Pickelharte oder sulzige Abfahren, kein Schnee in den Sturzräumen abseits der Pisten: Für viele Wintersportler endete die heurige Saison bereits im Krankenhaus. Dabei fällt auf, dass nicht nur die Anzahl der Skiunfälle zunimmt, sondern auch der Schweregrad der Verletzungen.
Bergrettung gefordert
Das bestätigt auch Reinhold Petz von der Bergrettung Aigen-Schlägl, die am Hochficht Dienst tut. Bis zu siebenmal täglich rücken die Freiwilligen an Wochenenden aus, um gestürzte Wintersportler auf der Piste zu versorgen.
1577 Verletzte nach Skiunfällen wurden von Dezember 2023 bis Ende Februar in den Kliniken der OÖ Gesundheitsholding versorgt. Das sind um rund 20 Prozent mehr als im selben Zeitraum des Vorjahres und auch die Schwere der Verletzungen nahm zu.

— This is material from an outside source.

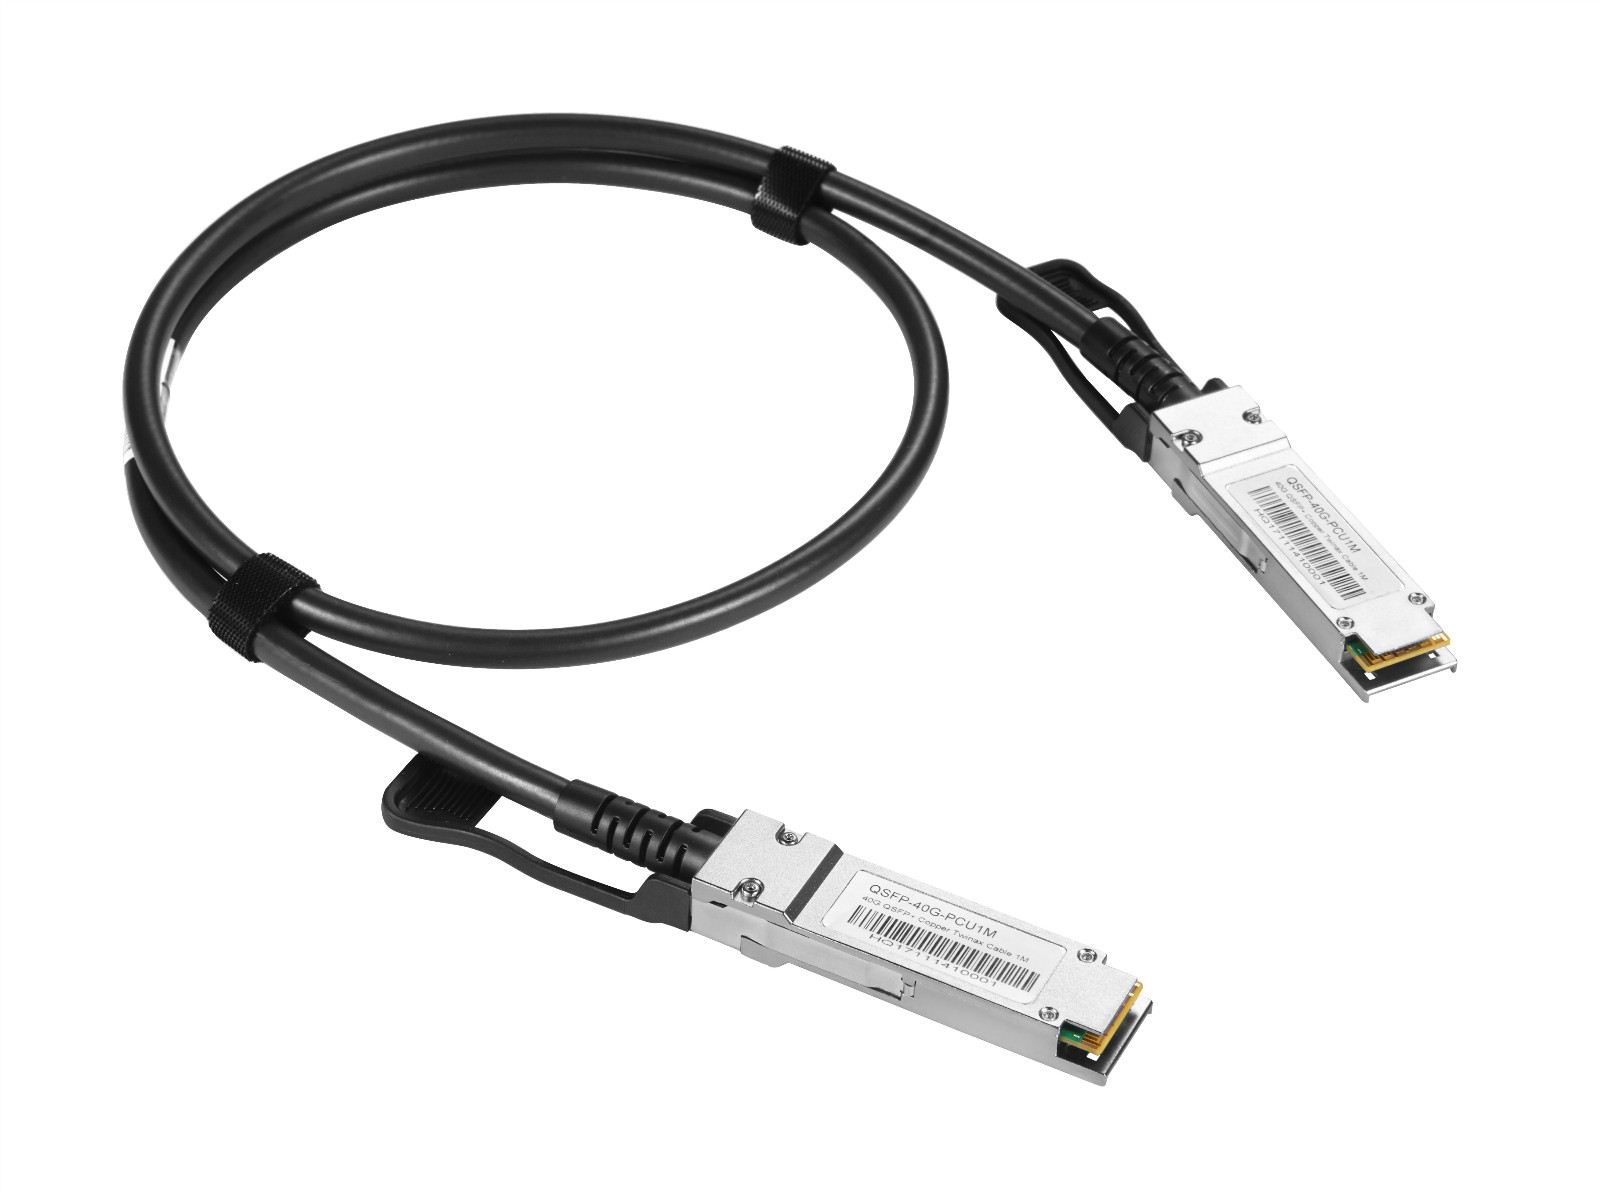 HTD-InforDAC Cable, a professional one-stop service of10G S

Ansprüche nach schweren Stürzen?
Doch gibt’s Schadenersatz, wenn es wegen widriger Pistenverhältnisse zu Verletzungen kommt? „Schadenersatz hat immer etwas mit Verschulden zu tun. Wenn die Verantwortlichen mit Hochdruck am Pistenzustand arbeiten und dieser wegen des Wetters schlechter wird, kann niemand etwas dafür“, sagt Ulrike Weiß vom Konsumentenschutz der Arbeiterkammer OÖ.
„Hier hat jeder Selbstverantwortung. Wo Natur im Spiel ist, können nicht andere haftbar gemacht werden“, so die Konsumentenschützerin. Ähnlich sieht es bei den Kosten für Hotelzimmer oder Liftkarte aus.
Wetter ist höhere Gewalt
Auch hier ist die für den Skiurlaub gebuchte Unterkunft nicht „schuld“, wenn das Wetter den Pisten zusetzt und ein paar gesperrte Abfahrten reichen noch nicht aus, um bei den Liftkarten Geld zurückzubekommen. „Da müsste schon das ganze Skigebiet gesperrt sein“, so Weiß.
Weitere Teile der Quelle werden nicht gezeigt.